[WHAT TO PRODUCE]
Once you find the line with "Sweetens Cove Tennessee", transcribe it and all the lines that follow to the end of the data, exactly as written; skip any pictures.
[COLLECTED MATERIAL]
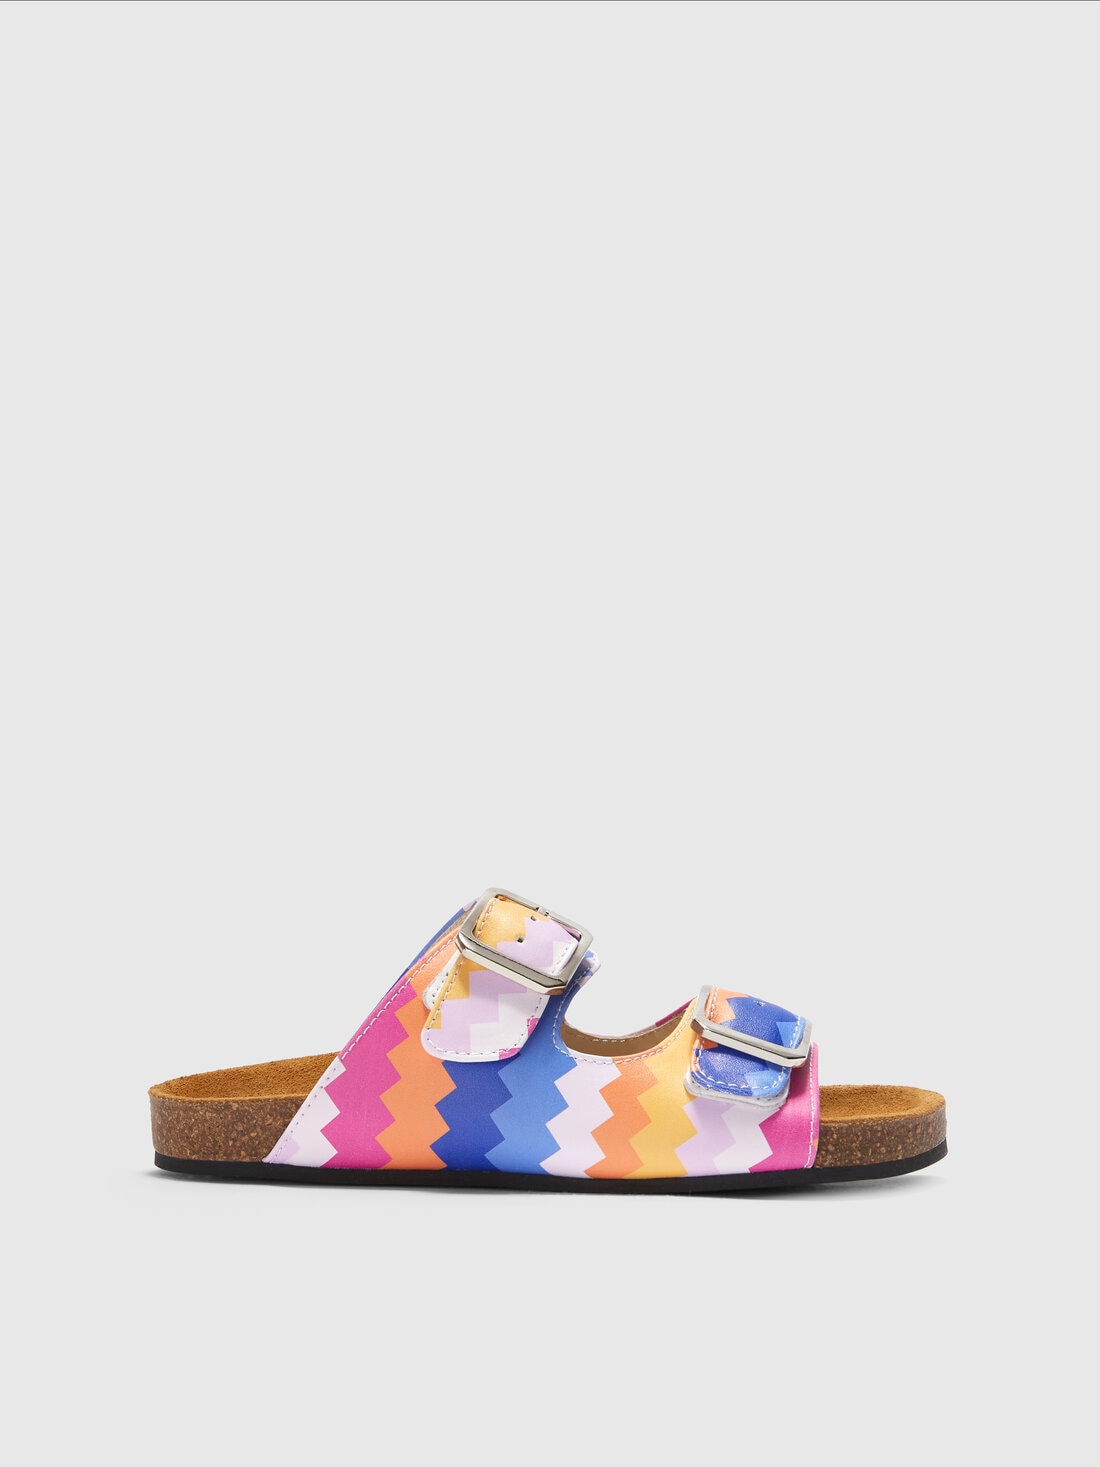 Sandals with double straps with chevron pattern, Multicoloured  - KS24SY01BV00FWSM923 - 0
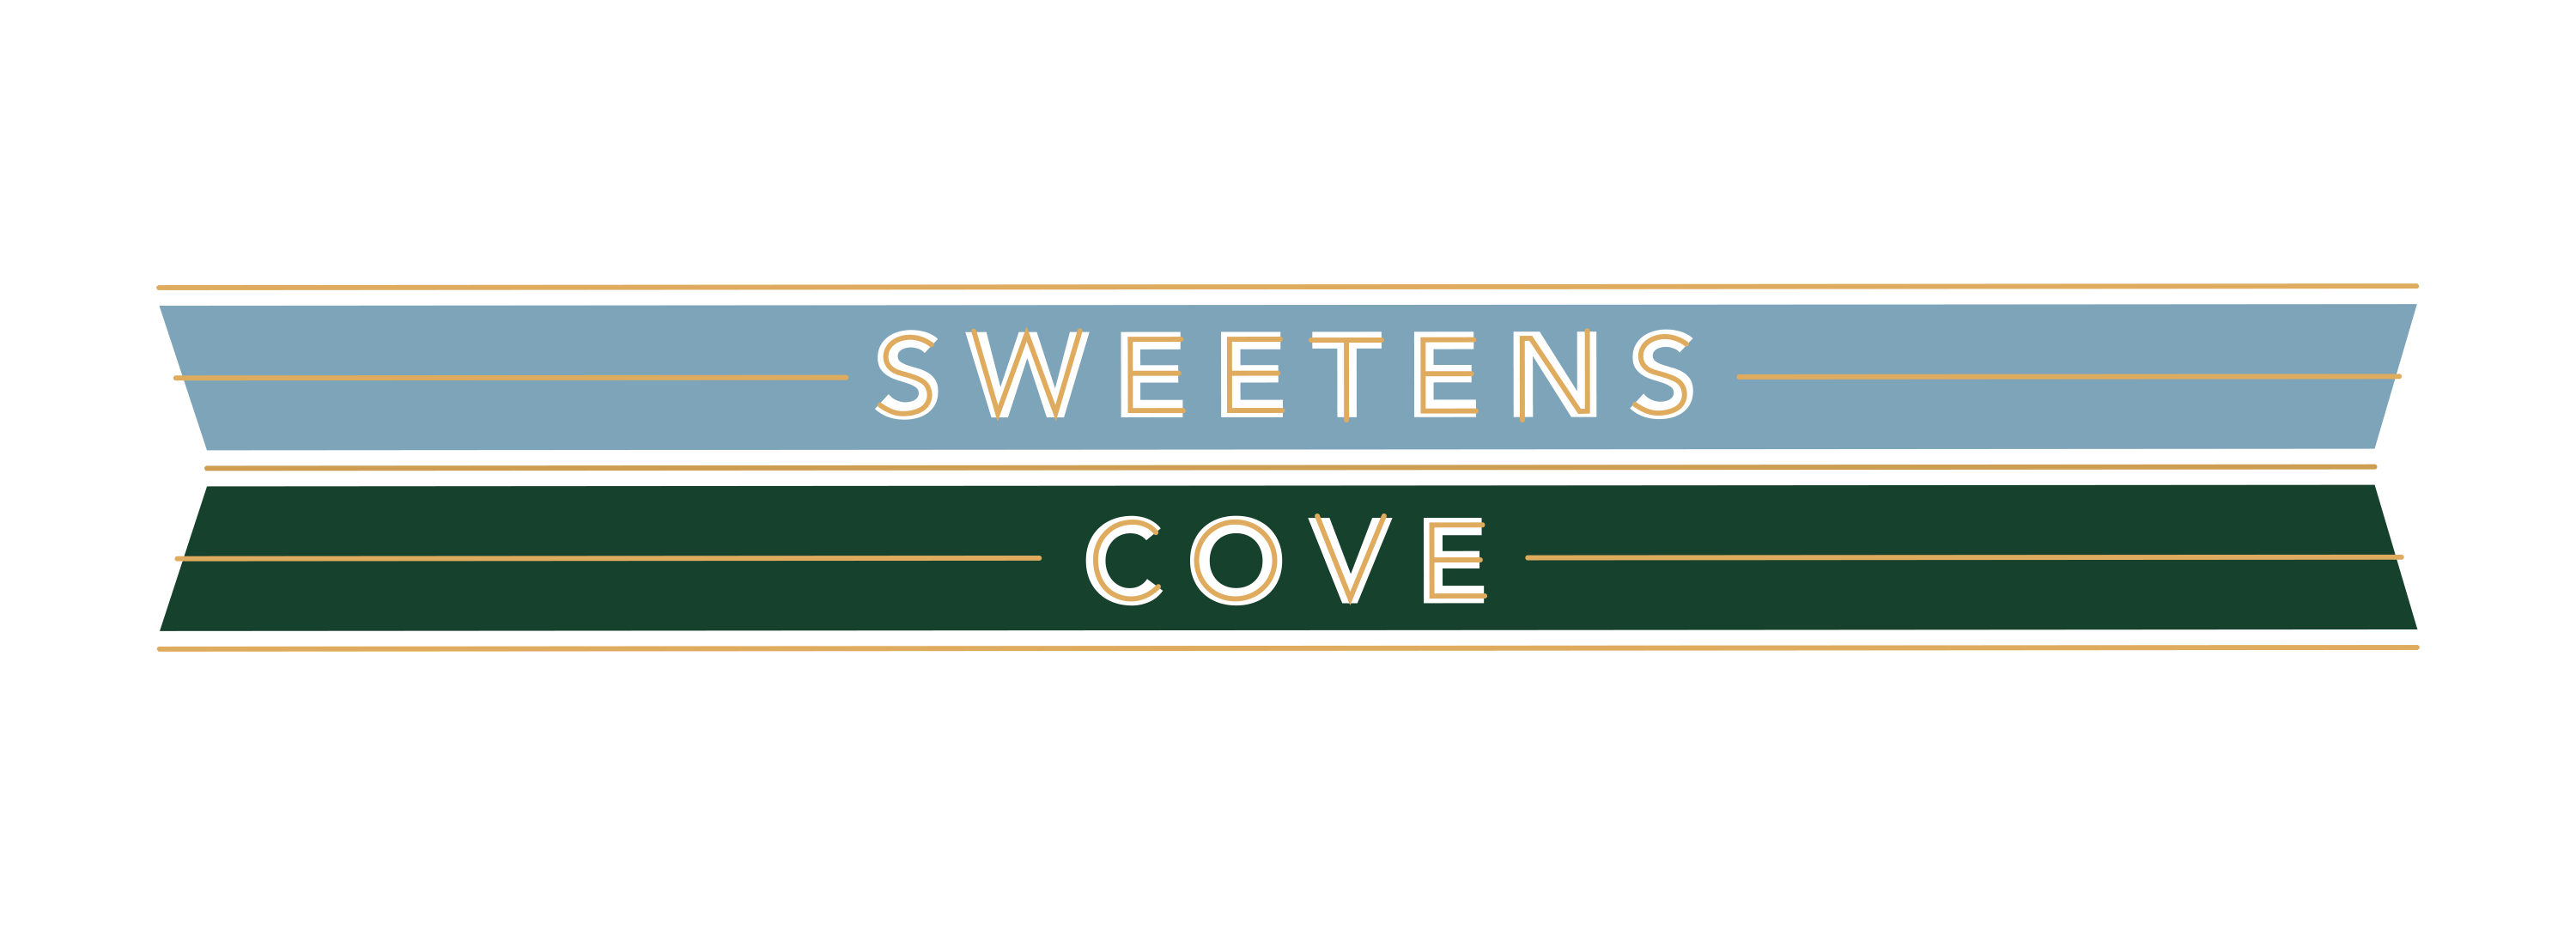 Sweetens Cove Tennessee Bourbon Whiskey Identity Design
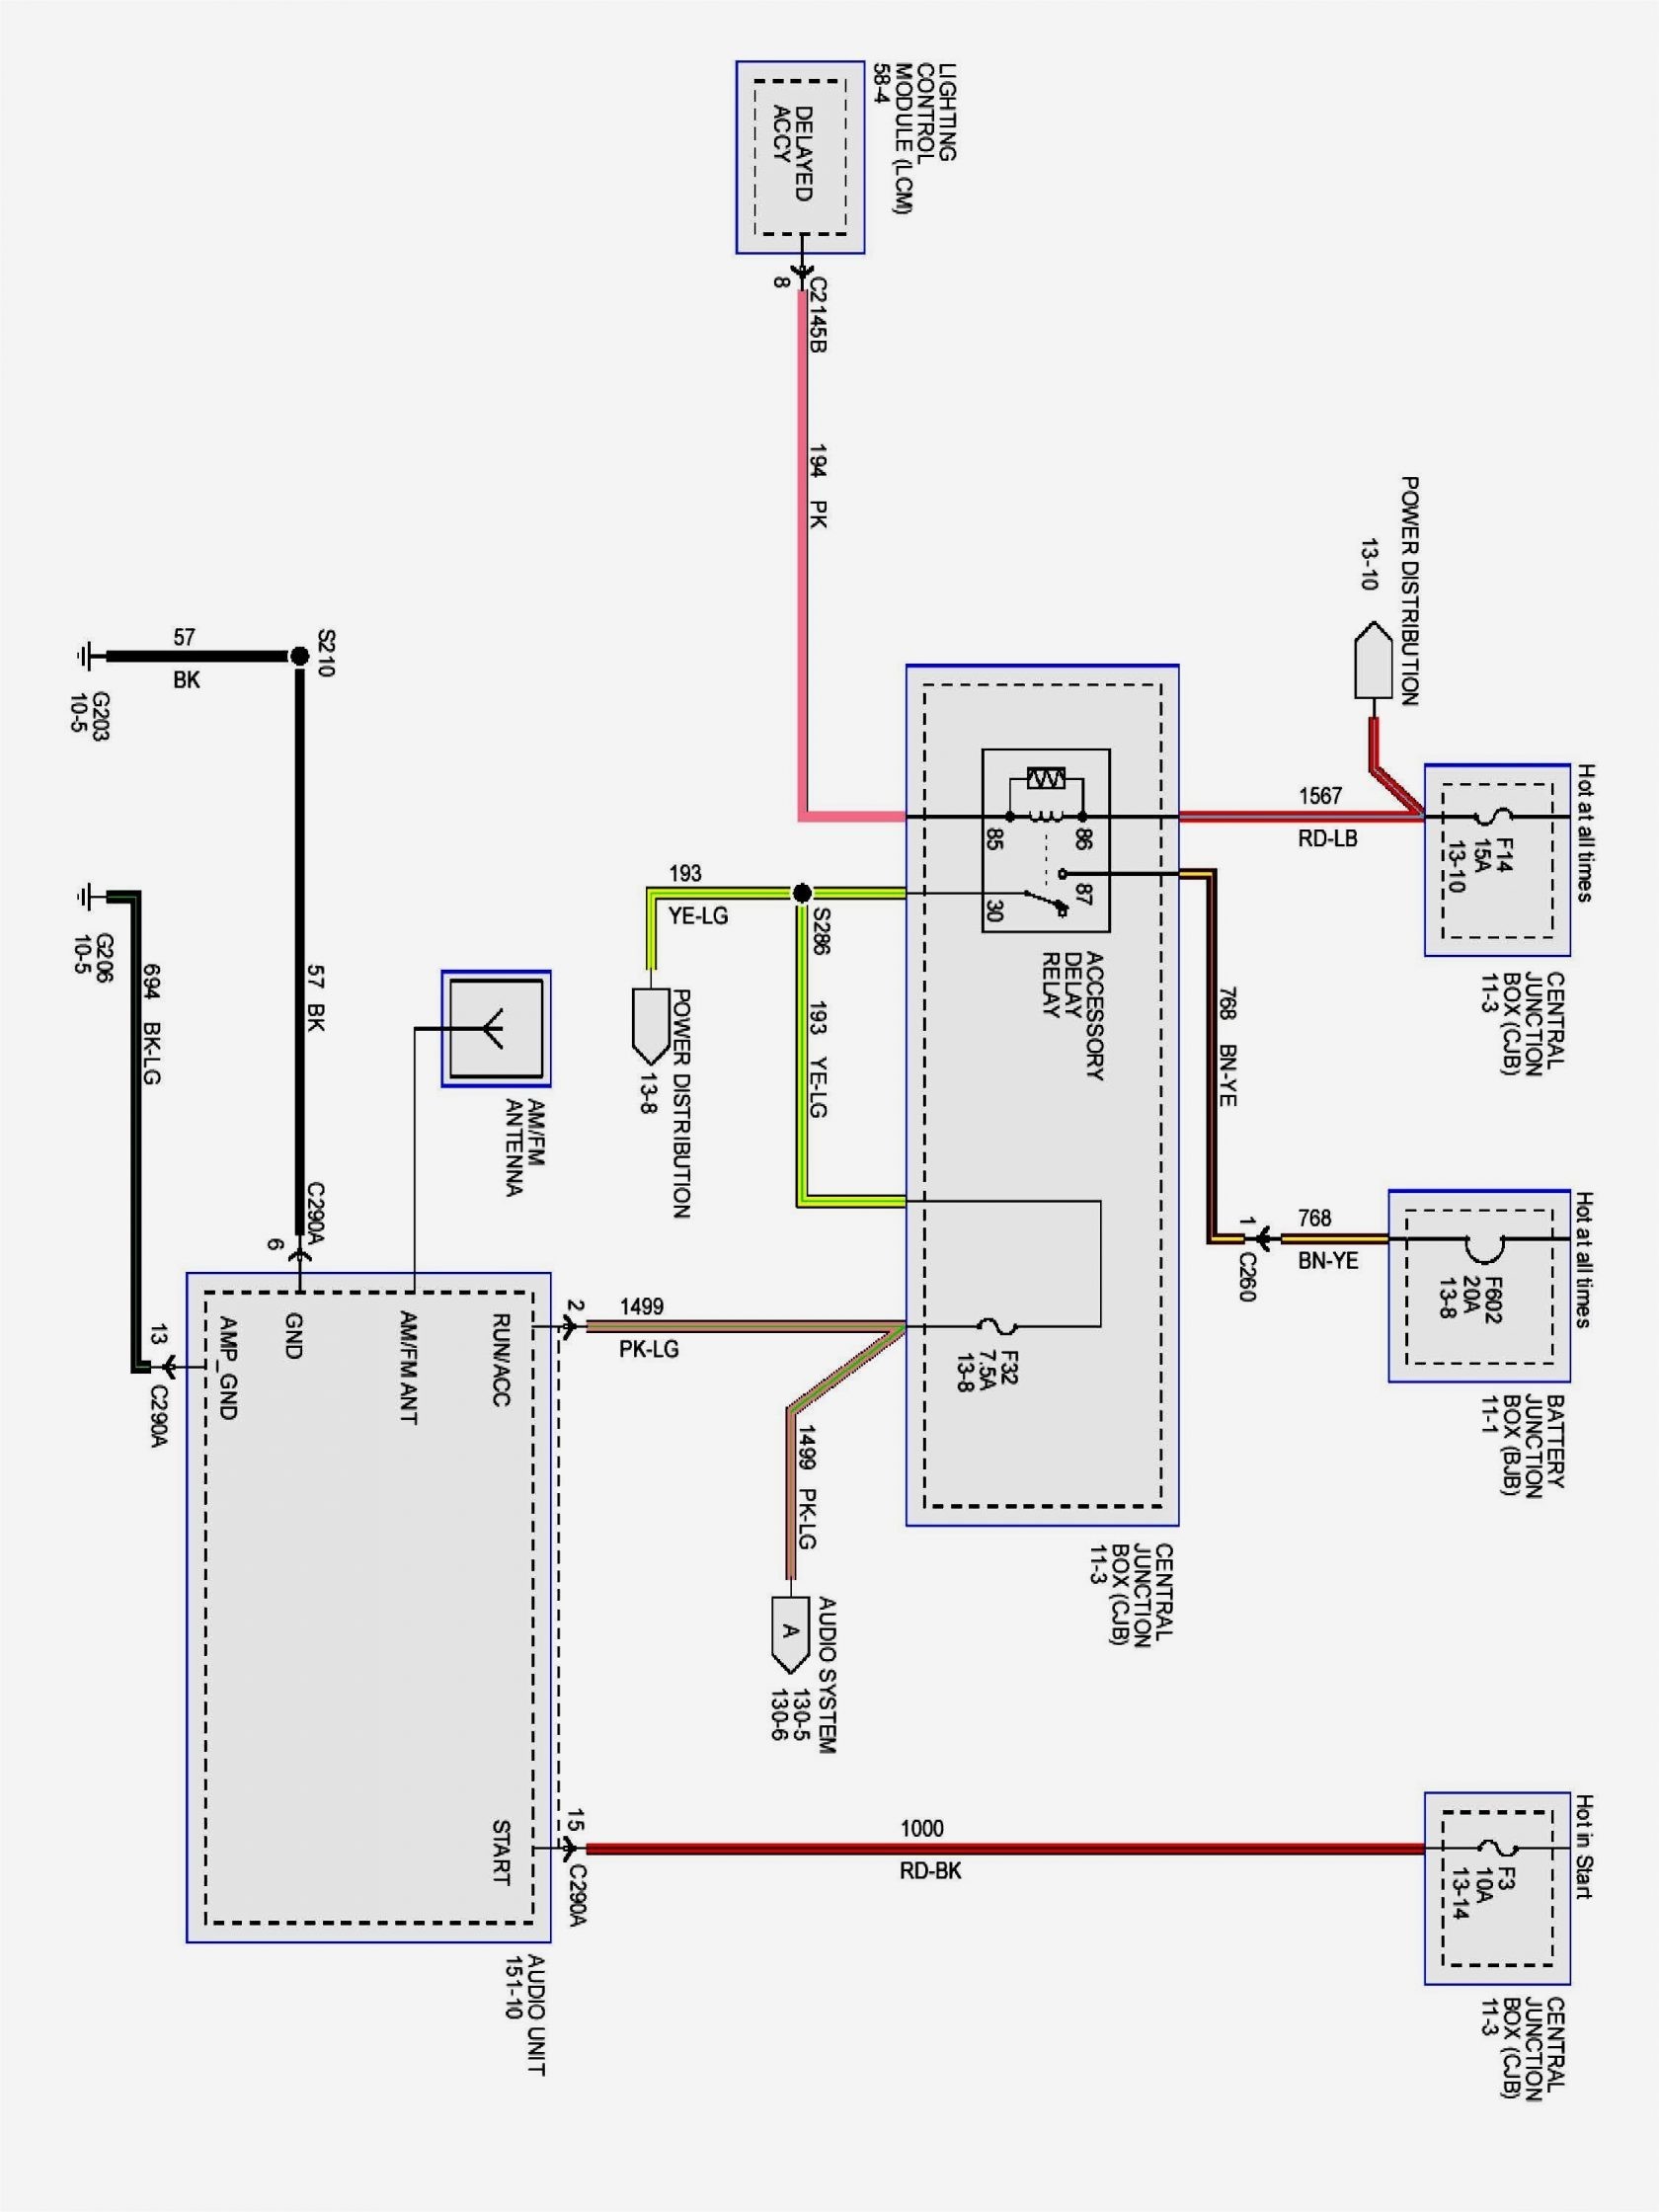 Goodman Furnace Parts Diagram Wiring Diagram for Nest Learning thermostat Inspirationa Goodman Of Goodman Furnace Parts Diagram
[/COLLECTED MATERIAL]
[RESULT OF THE EXERCISE]
 Sweetens Cove Tennessee Bourbon Whiskey Identity Design
 Goodman Furnace Parts Diagram Wiring Diagram for Nest Learning thermostat Inspirationa Goodman Of Goodman Furnace Parts Diagram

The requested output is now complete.